__TASK ITEM__:
The lines in the listing below are to be given again exactly, starting at the line holding "Logo for Bruce" and ending at the line holding "Personalized throw pillow". Do not include pictures.

__INPUT__:
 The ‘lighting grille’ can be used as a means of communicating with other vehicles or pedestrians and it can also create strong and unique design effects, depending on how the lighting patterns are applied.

* * *

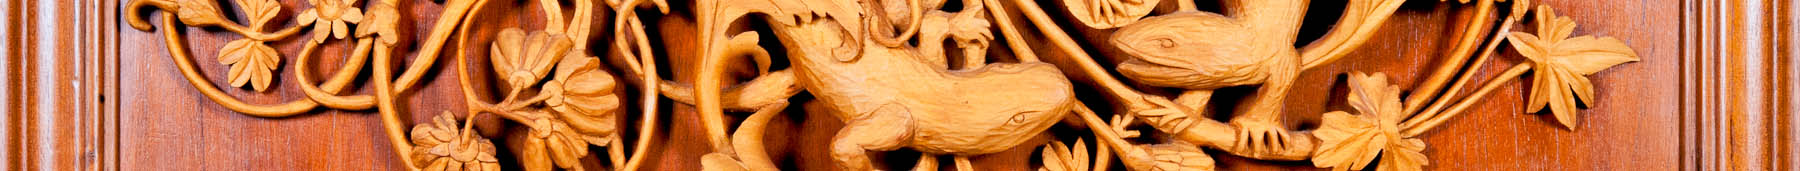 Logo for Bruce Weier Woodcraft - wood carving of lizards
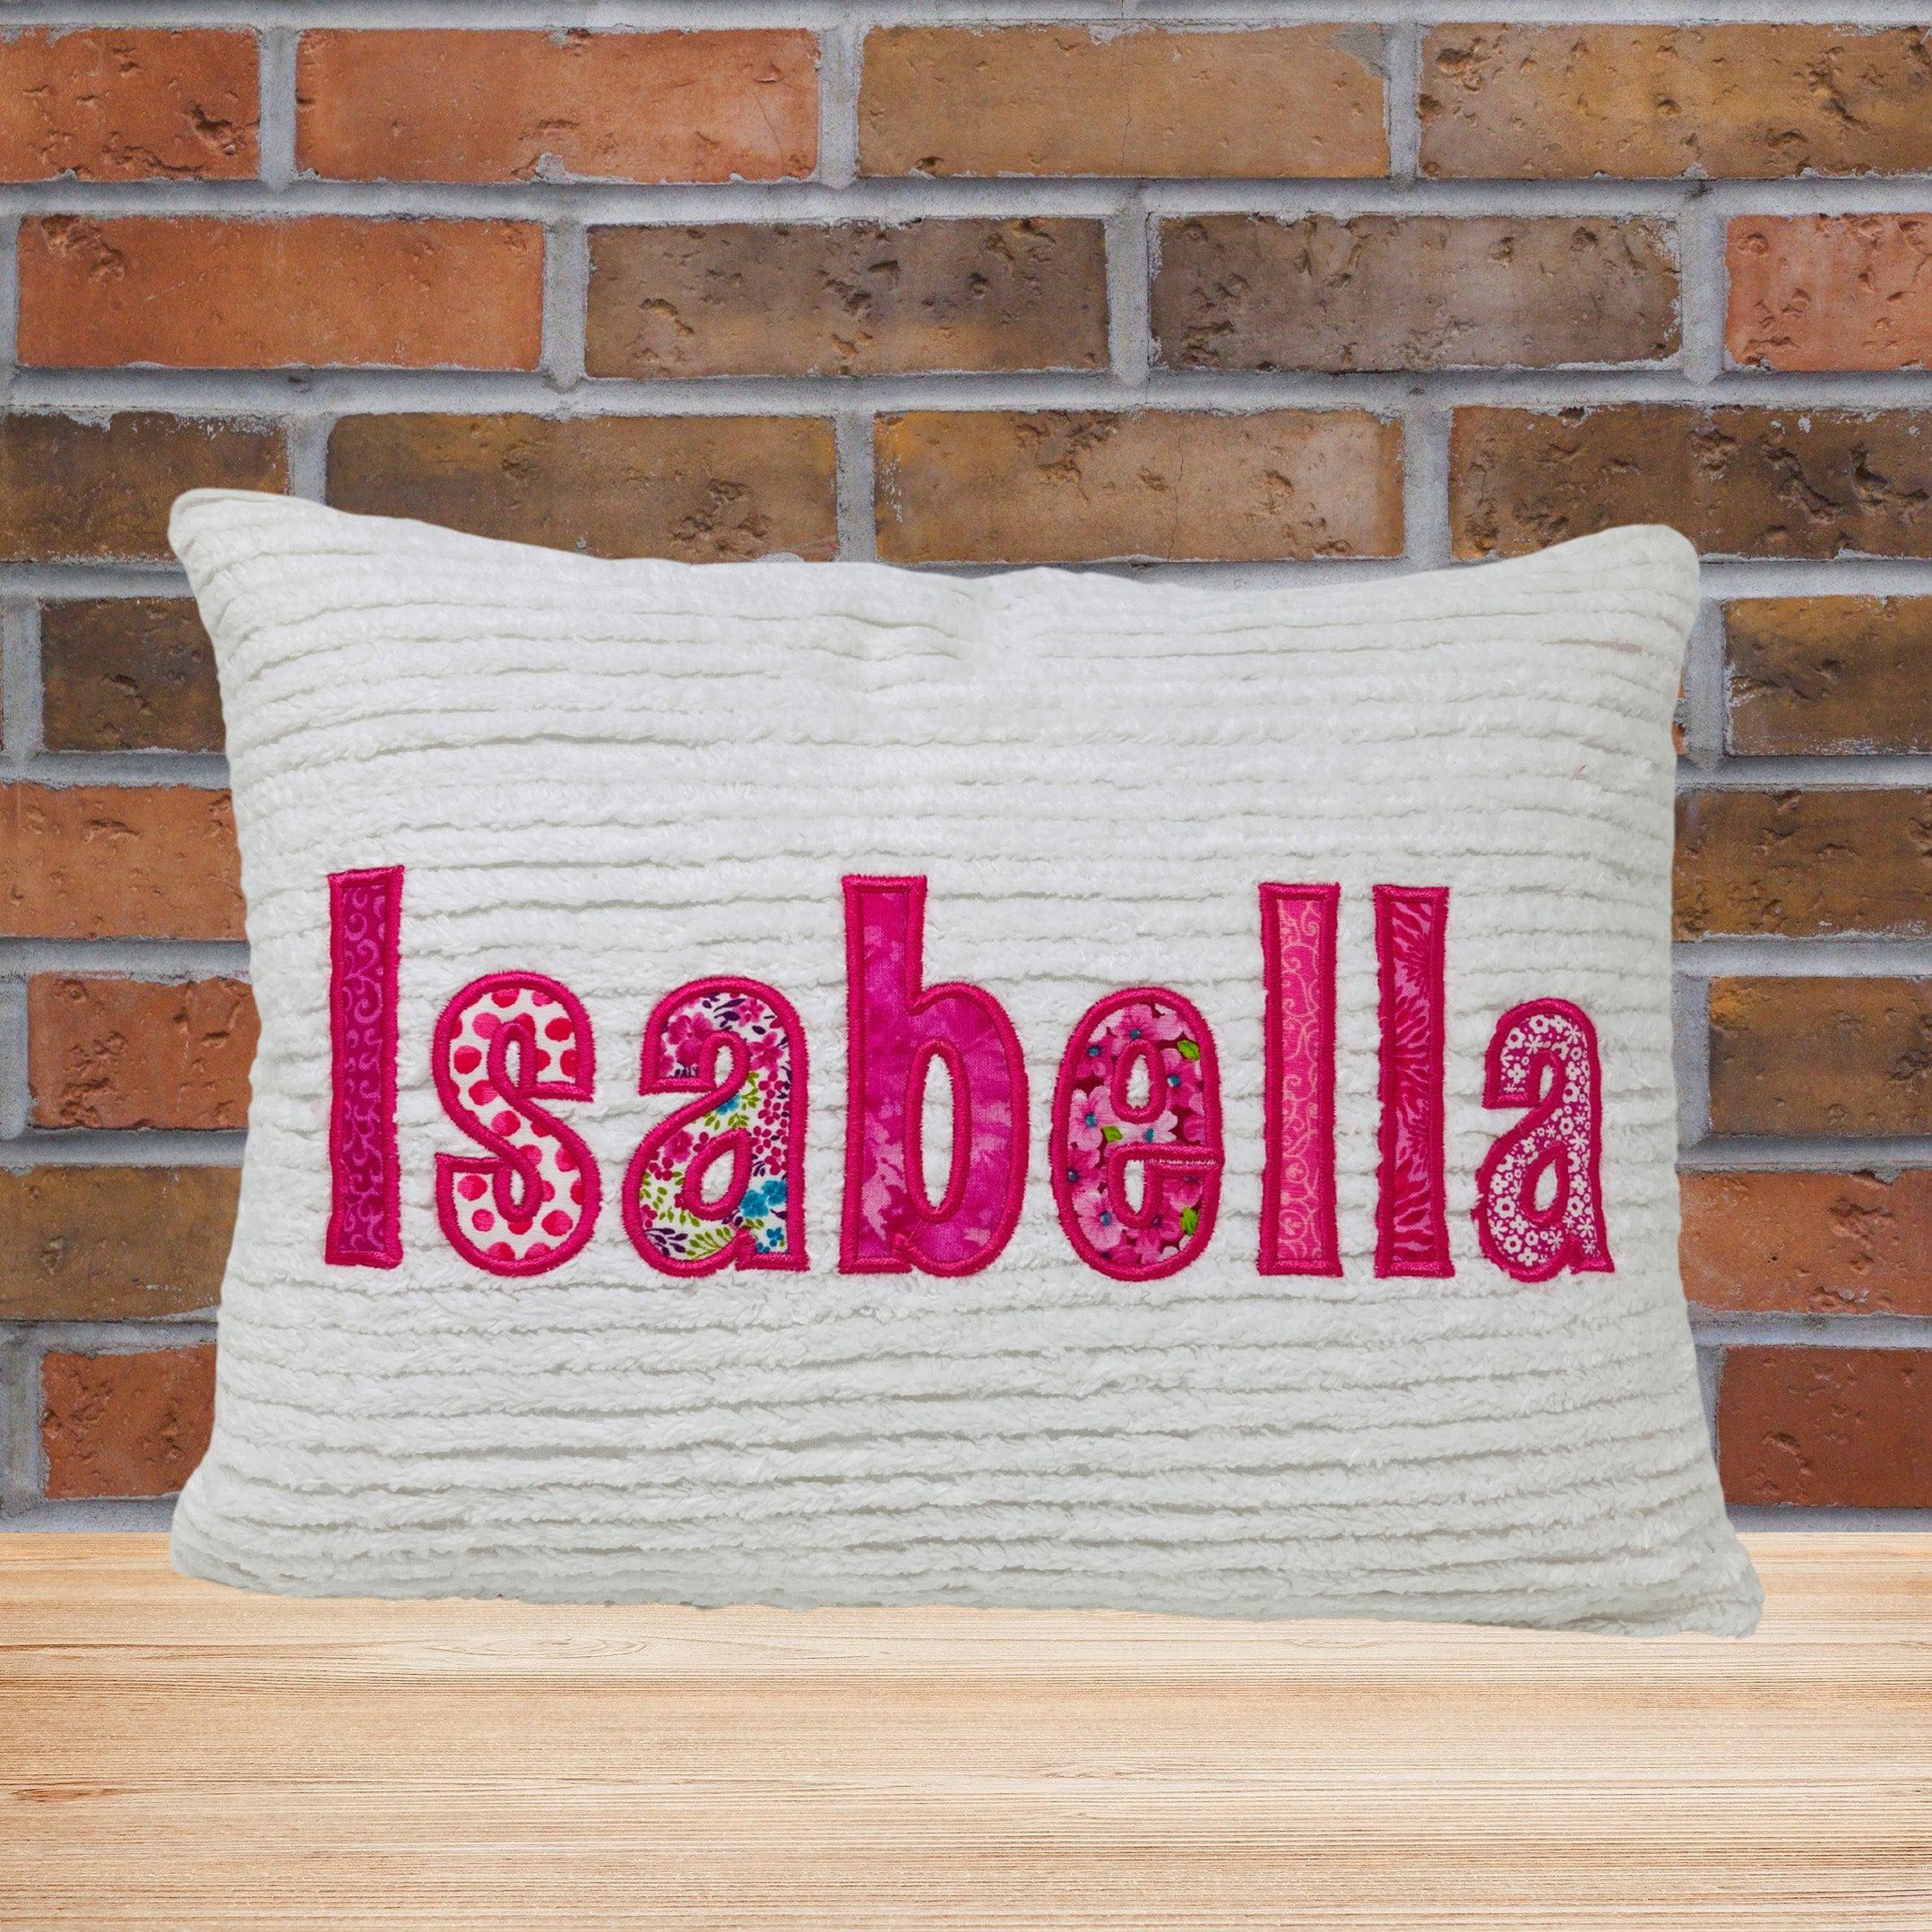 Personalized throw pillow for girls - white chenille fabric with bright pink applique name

==

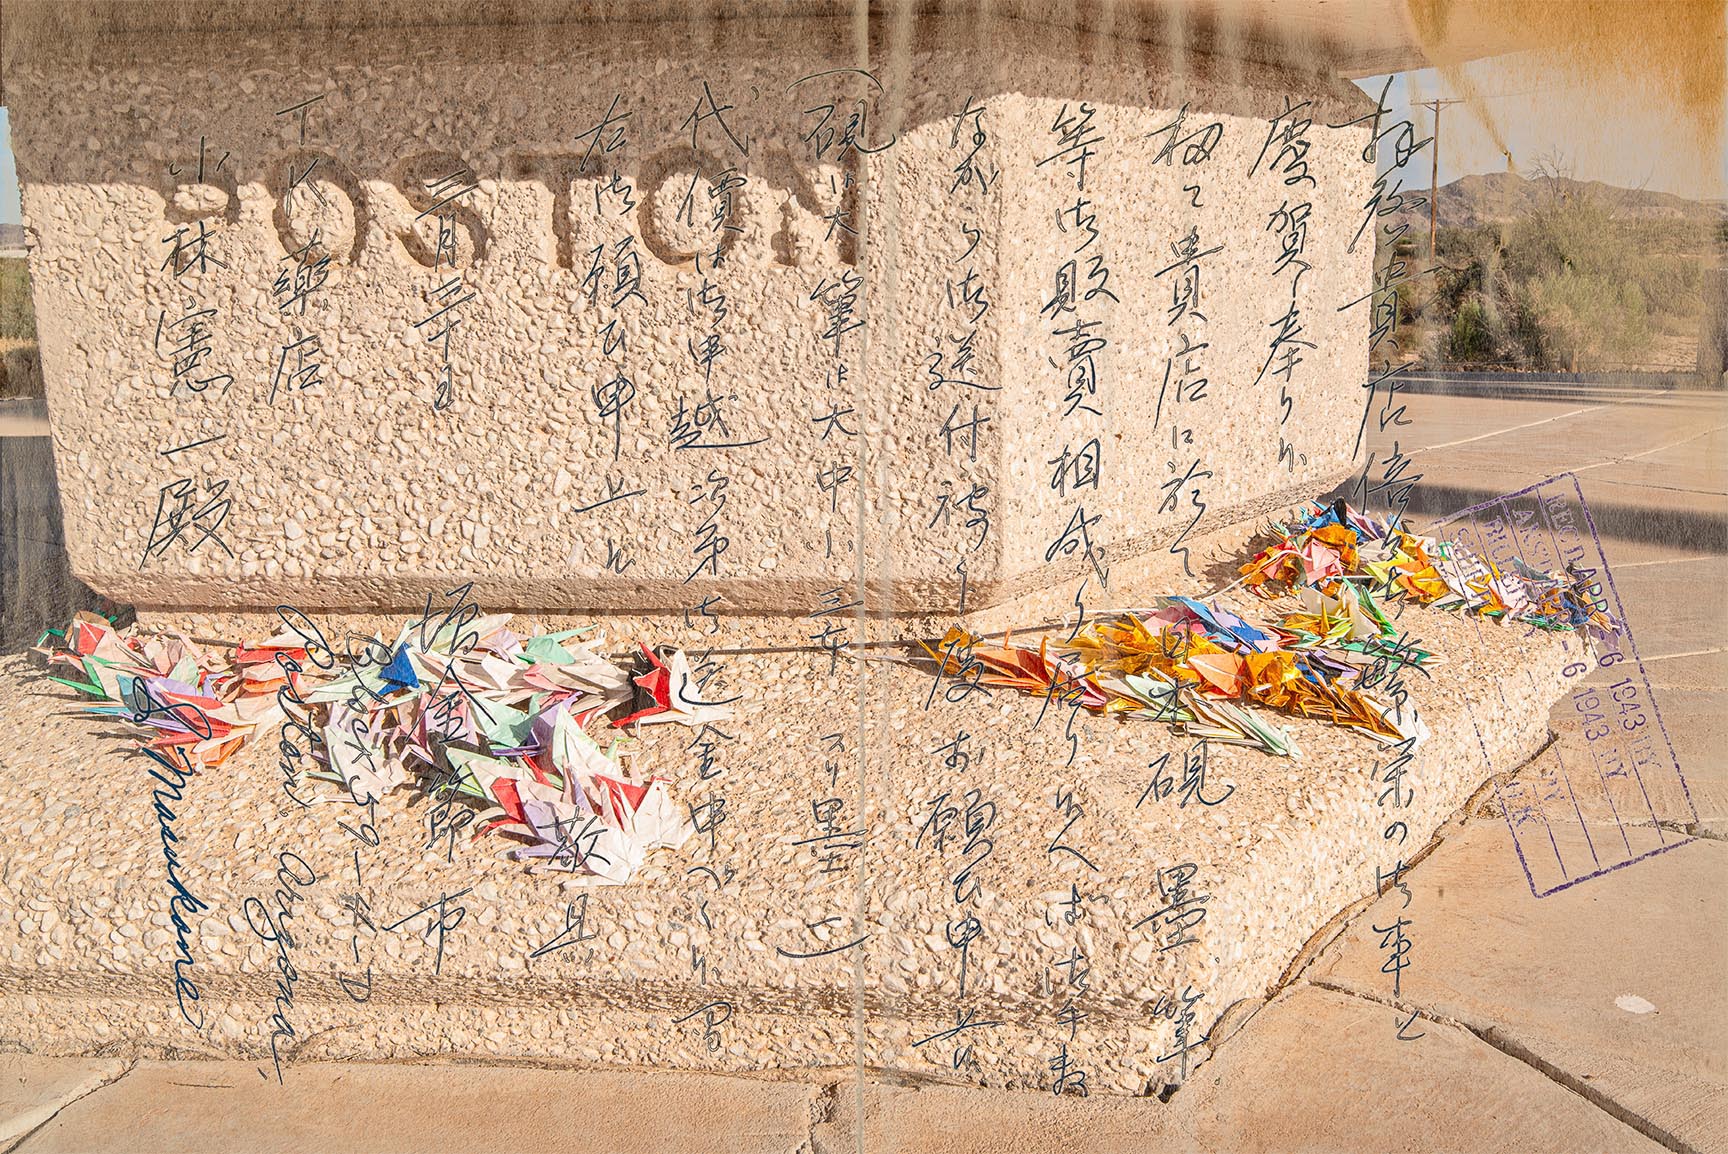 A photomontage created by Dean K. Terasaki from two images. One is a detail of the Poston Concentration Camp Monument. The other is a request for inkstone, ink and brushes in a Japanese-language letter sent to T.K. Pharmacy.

__THE COMPLETED TASK__:
 Logo for Bruce Weier Woodcraft - wood carving of lizards
 Personalized throw pillow for girls - white chenille fabric with bright pink applique name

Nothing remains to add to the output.